Herr Staatssekretär, sind Sie nicht auch mit mir der Auffassung, daß es sich nicht nur um diesen einzigen Fall, sondern vielfach auch um manipulierte Preise handelt, die von den Anbietern ohne Rücksicht auf Qualität und ohne Rücksicht auf tatsächliche Marktgegebenheiten gemacht werden.
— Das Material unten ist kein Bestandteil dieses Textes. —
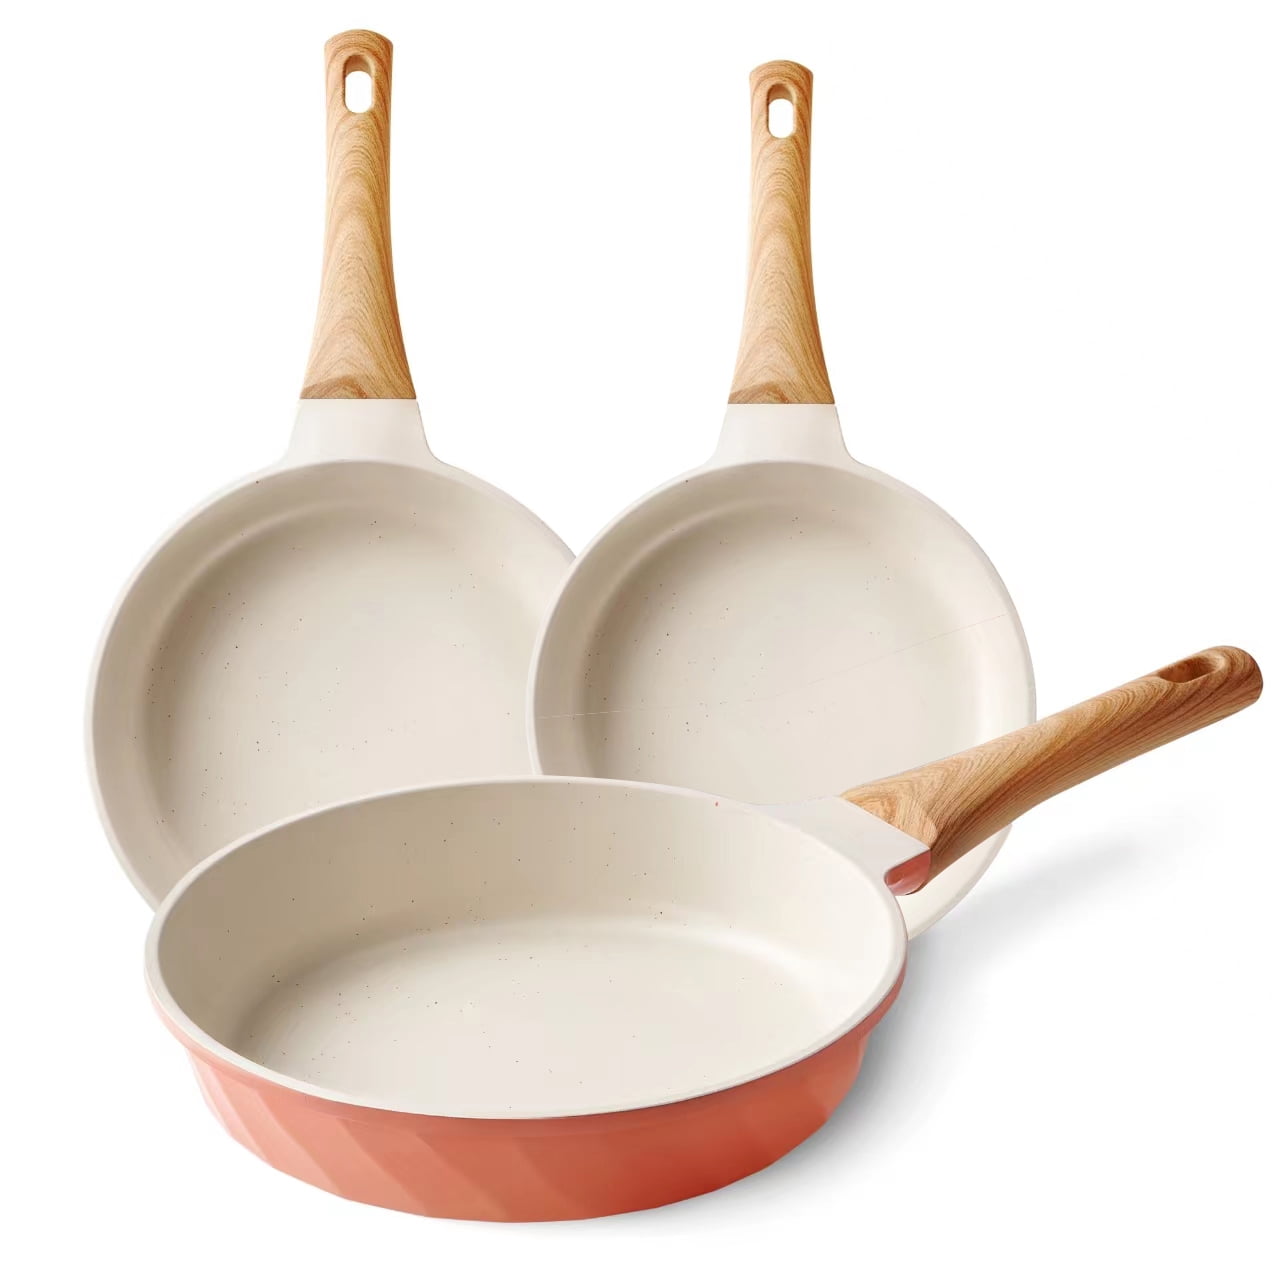 Caannasweis 5-Pieces Pots and Pans Nonstick Cookware Sets - Lightweight

Dr. Arndt, Parlamentarischer Staatssekretär beim Bundesminister für Wirtschaft: Herr Kollege Lampersbach, wir haben die zuständigen Stellen der DDR immer wieder darauf hingewiesen, daß es nicht in ihrem Interesse und nicht im Interesse des innerdeutschen Handels ist zu „schleudern". Wir haben hier auch entsprechende Erfolge erzielt: Die Preisprüfung selbst funktioniert. Wir müssen aber in Rechnung stellen, daß wir in der Beurteilung von Qualitätsunterschieden mit den Firmen, die sich durch neue Importe geschädigt fühlen, immer wieder zu sachlichen Differenzen kommen werden.
Eine weitere Zusatzfrage, Abgeordneter Lampersbach.
Ich gebe Ihnen recht, Herr Staatssekretär, daß es sicherlich sehr, sehr schwierig ist, absolut objektiv festzustellen, wo hier die Grenzen des noch Zumutbaren erreicht oder gar überschritten werden. Aber sind Sie nicht auch mit mir der Auffassung, daß man in der Zukunft doch strengere Maßstäbe anlegen muß, weil hier auch weitgehend Steuergelder des deutschen Steuerzahlers mit in die Waagschale geworfen werden?
Dr. Arndt, Parlamentarischer Staatssekretär beim Bundesminister für Wirtschaft: Selbstverständlich, Herr Kollege Lampersbach.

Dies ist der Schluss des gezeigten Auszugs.